I seek the truth at all costs- and my relationships are no exception to this rule. I loathe being duped, lied to or kept in the dark. I want to make all decisions about my relationships from an informed perspective - and if i feel as though I am lacking that perspective, i'll be quick to leave any partner who won't be upfront and honest with me.
I cannot guess what you want, need, feel, and think. I get stuck in my own head,
considering all the possible messages you could be trying to send me. So, when for example say we're at the movies, my internal dialog may sound like: "Did he put his hand on the armrest between us because he wants to hold my hand? Or does he just not have enough space for his arm?" Subtle cues don't really do it for me. If you want to convey that you like me, you may have to just come out and say it.
Since I am not the type to shower people with affection, i may unintentionally let on that you're not that important to me. Don't be fooled. If you start to doubt my interest, open up about your own feelings, and i may reciprocate them more than you realize.
But back to the jealousy, I am so jealous of you. I am jealous of your ability to connect with a crowd and be a leader, without all the soul crushing anxiety that I'm often faced when told I am put in charge of something. I will always also admire how much you can handle. I'm not always sure about your methods... but I could never deal with all the pressures that you do.


On the other hand- I was informed that I may go "overboard" when teasing you. People have to be open and 'ready' to receive humor.

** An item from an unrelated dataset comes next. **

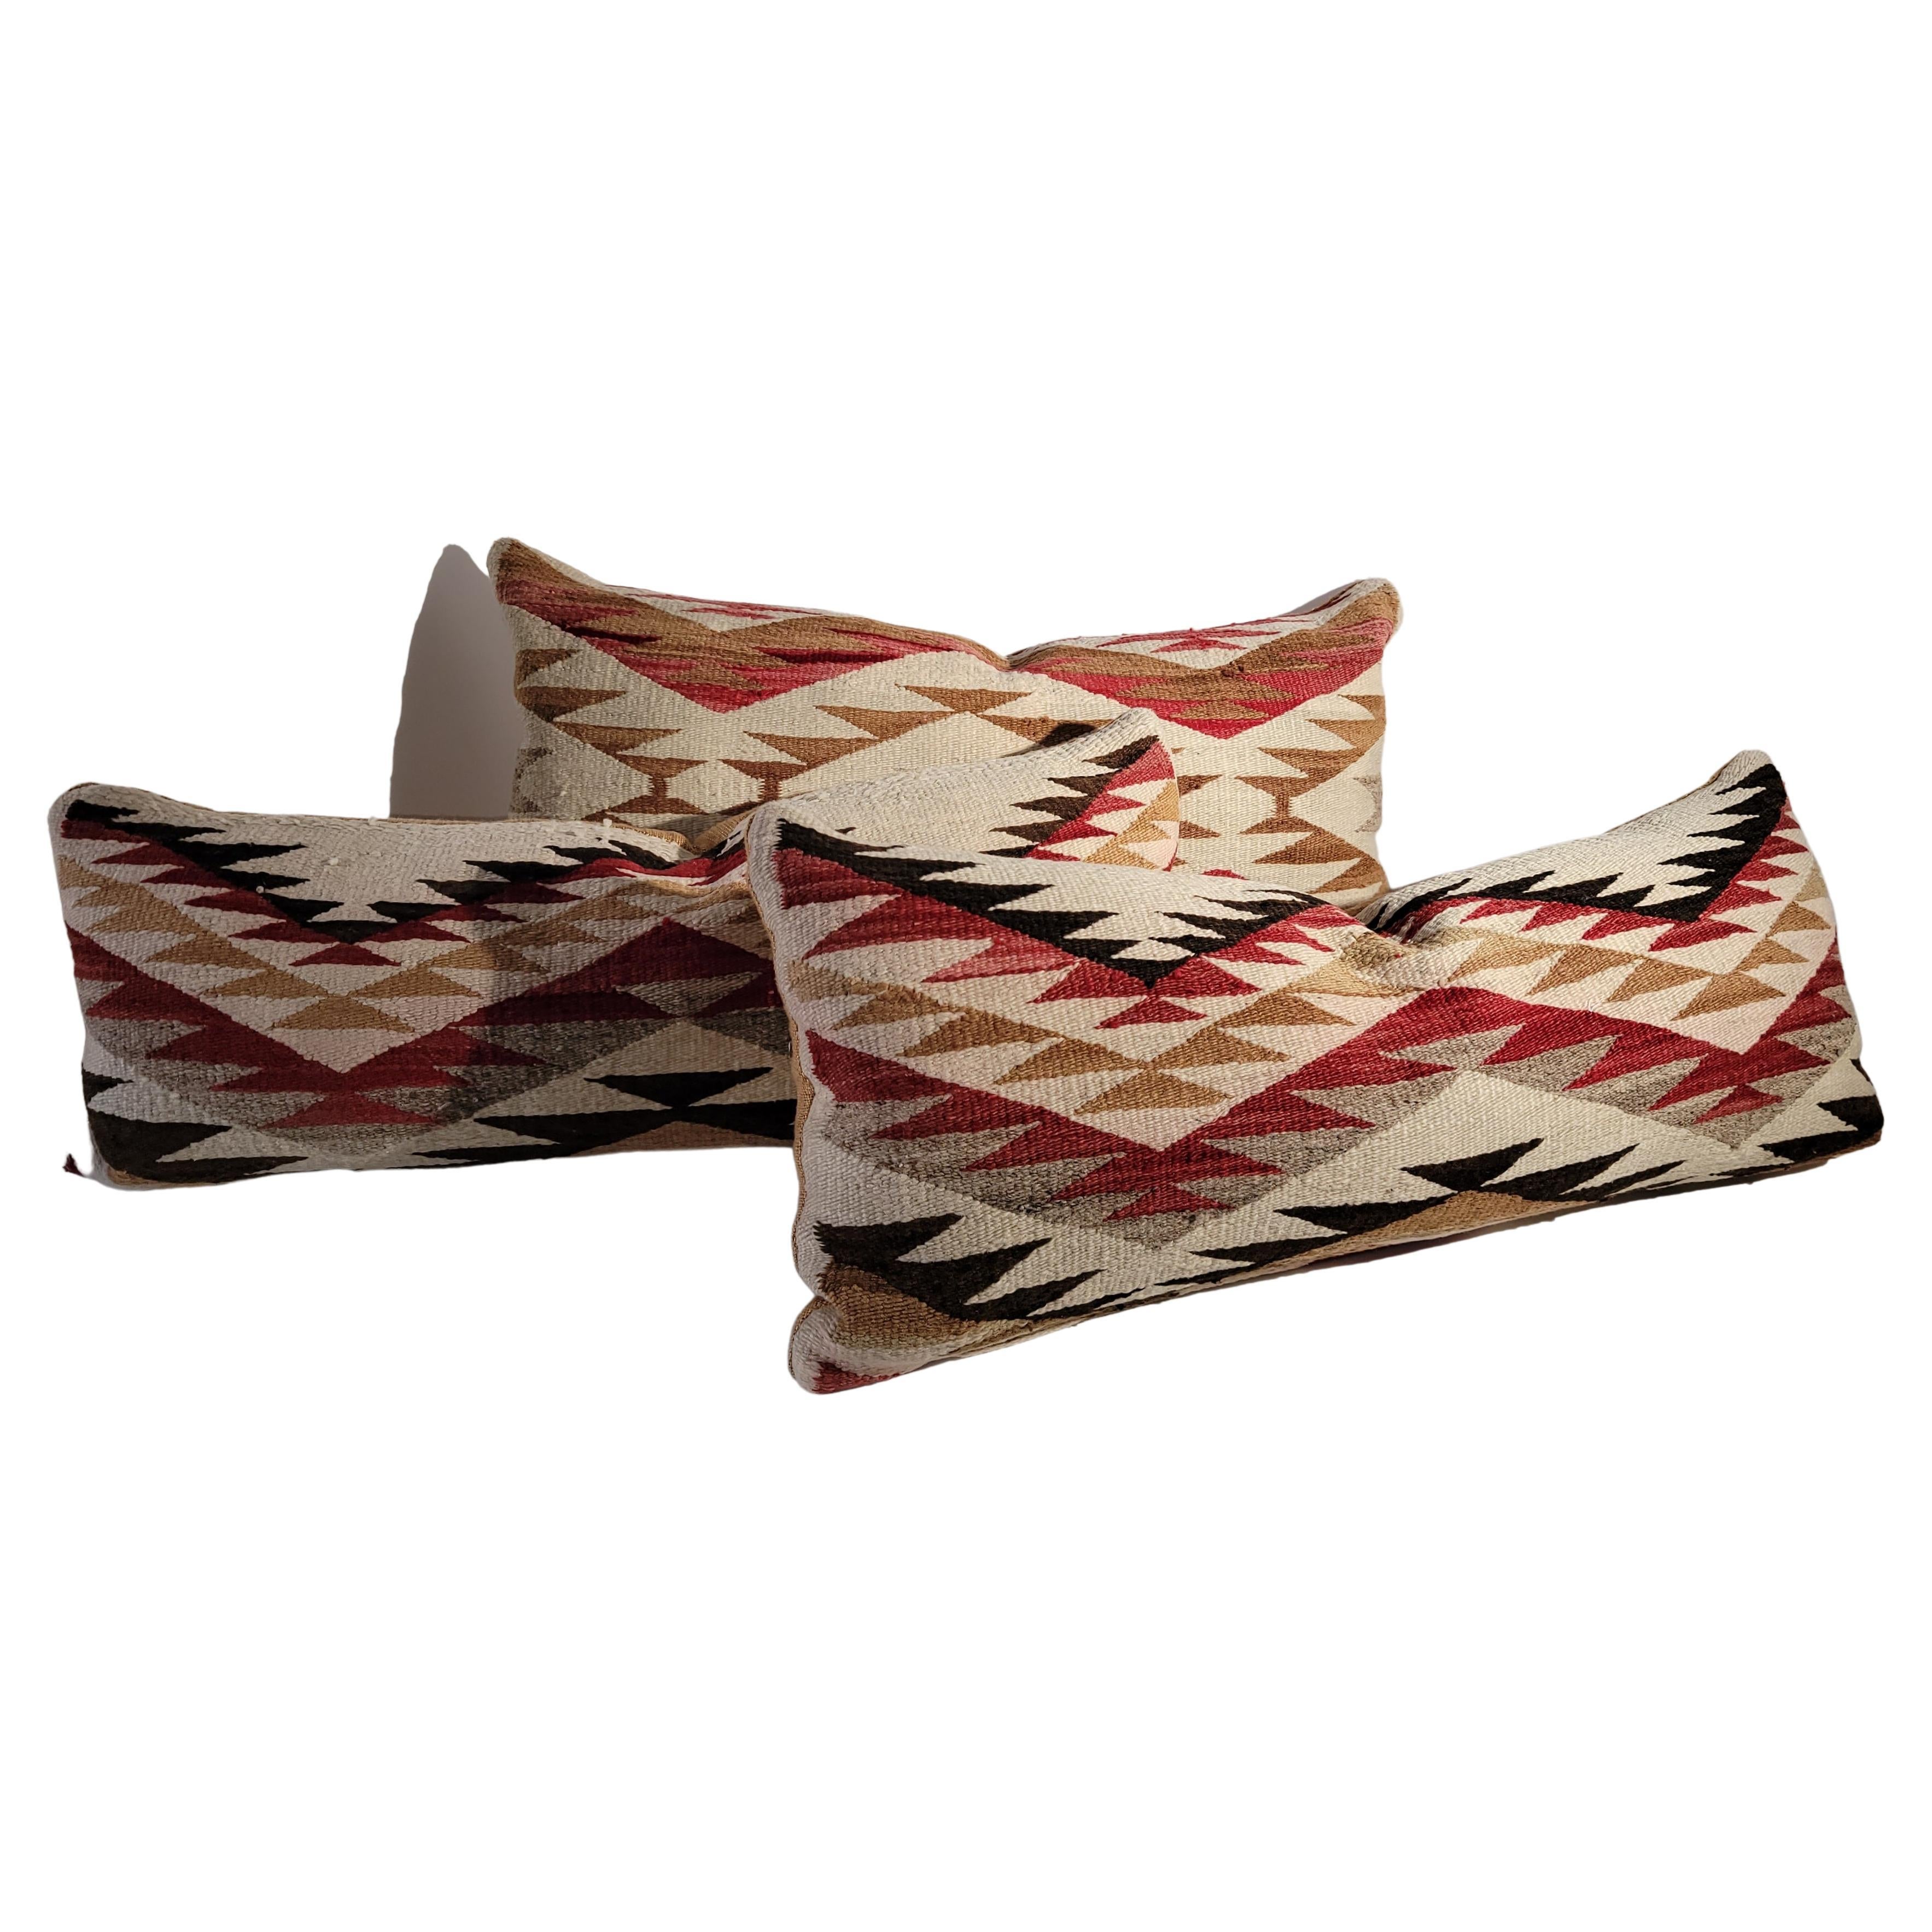  Navajo Indian Weaving Bolster Pillows

If im focused on say "the death of my cat", thats not a good time to 'joke' about having 8 more lives; im not expecting to hear a joke. Also, most people give cues when they begin to tell a joke: a slow smile, a pause, or some observable body language. I don't have enough social comfort/knowledge to do this, which usually results in me telling a 'joke' in the same manner as i would explaining a theory.
I can definitely handle a bit of teasing and enjoy being able to banter with others. Someone who can keep up with me and doesn't become easily offended, is going to make the experience more enjoyable for me. I simply don't find myself becoming offended by every little comment, especially when i recognize that someone is just joking around. I realize that certain lines shouldn't be crossed, but i do enjoy having loved ones who can take a joke without being overly sensitive about it.
My tone of voice is really important, mind, I'm pretty sure it'd be blindingly obvious even to a random stranger walking by that this is exactly the opposite of serious, and that's a necessary component. Kind of an overdramatic verbal flouncing that overemphasizes all the words that're intended to be taken as the opposite of their literal meaning like ("WHY would you DO that HOW could you be SO CRUEL"). It's fun and lends itself well to flinging yourself dramatically into the other person's lap, which makes for a nice smooth transition to more physical forms of teasing. But also, I may tease even when I am speaking normally- which is hard to differentiate, but it's just my humor.